The component supports exporting annotations in JSON format compatible with popular ML frameworks:

{
  "annotations": [
    {
      "type": "rectangle",
      "class": "person",
      "coordinates": { "x": 100, "y": 50, "width": 200, "height": 300 }
    },
    {
      "type": "polygon", 
      "class": "car",
      "points": [[x1, y1], [x2, y2], [x3, y3]]
    }
  ]
}

Development

The component is built with Vue 3 and provides a clean, extensible architecture for ML annotation tools.

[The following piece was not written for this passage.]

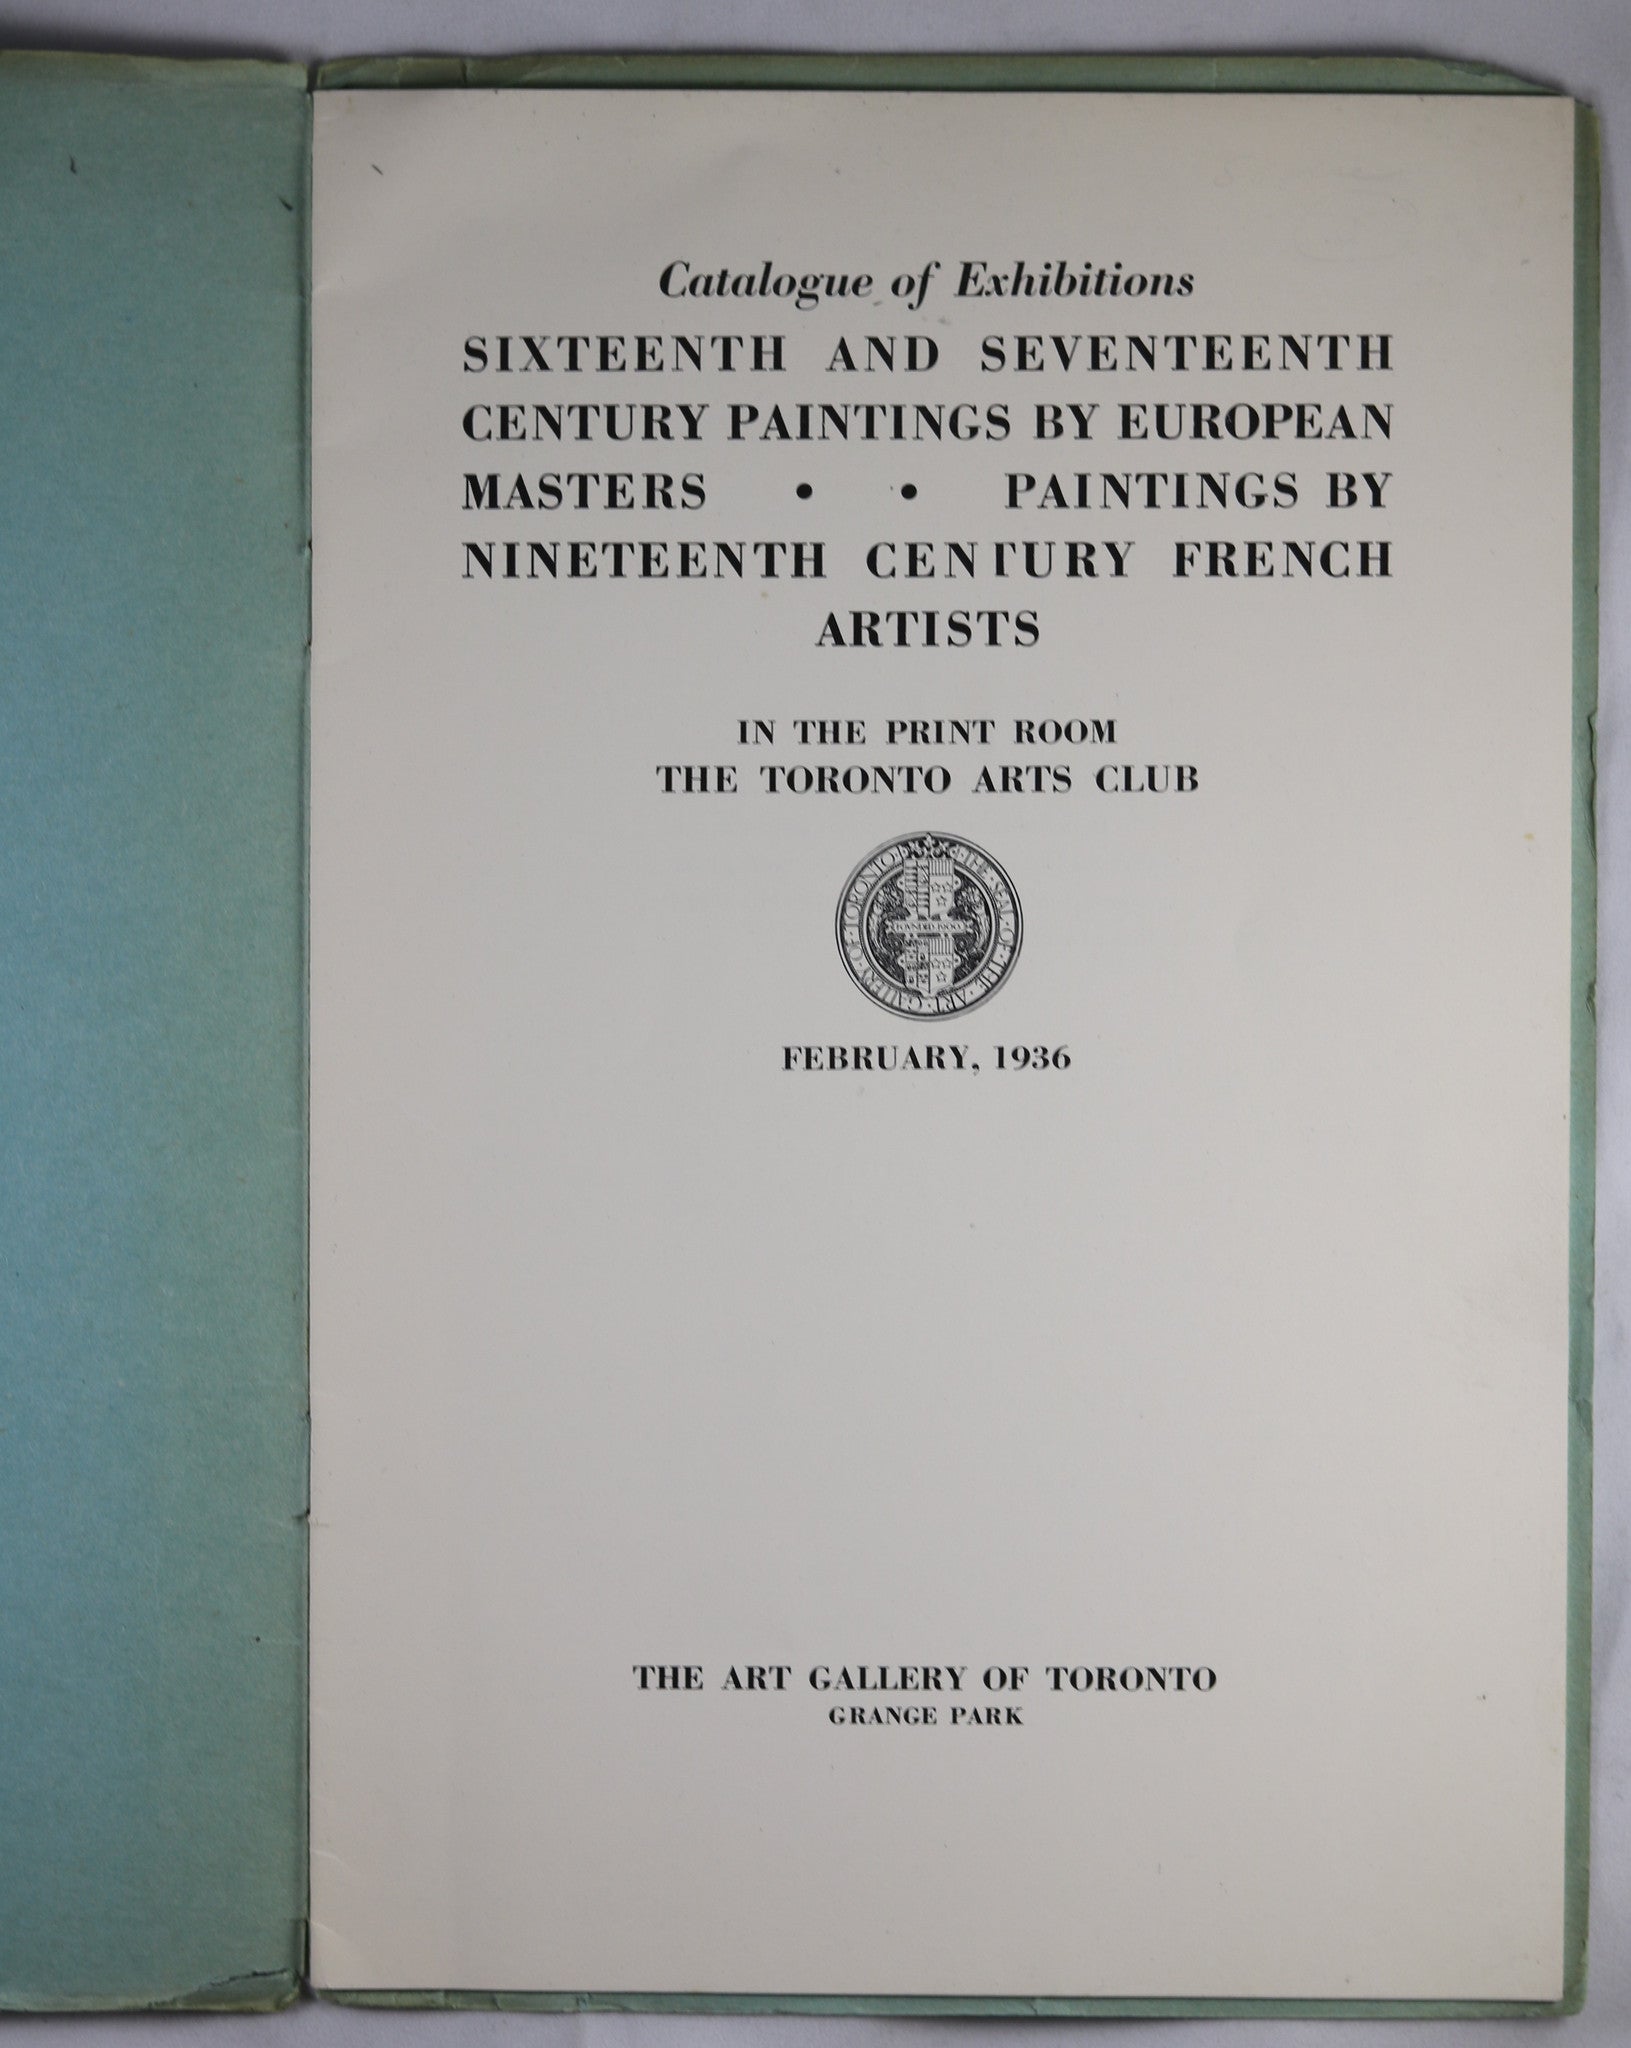 1936 Catalogue of Exhibitions AGO Print Room - Toronto Arts Club

Key features include:

  • Separation of Concerns: Canvas operations, coordinate systems, and ML data formats are cleanly separated
  • Event-Driven: Real-time updates through Vue's reactive system
  • Performance Optimized: Efficient drawing with path simplification and debounced operations
  • Extensible: Easy to add new drawing modes and export formats

Project Setup

npm install

Compile and Hot-Reload for Development

npm run dev

Compile and Minify for Production

npm run build

Run Unit Tests with Vitest

npm run test:unit

Lint with ESLint

npm run lint

Contributing

We welcome contributions! This component is designed to be the foundation for ML annotation tools.

See CONTRIBUTING.md for detailed guidelines on:

  • Adding new drawing modes and export formats
  • ML framework integrations
  • Performance optimizations
  • Development setup and testing

License

MIT License - see LICENSE file for details.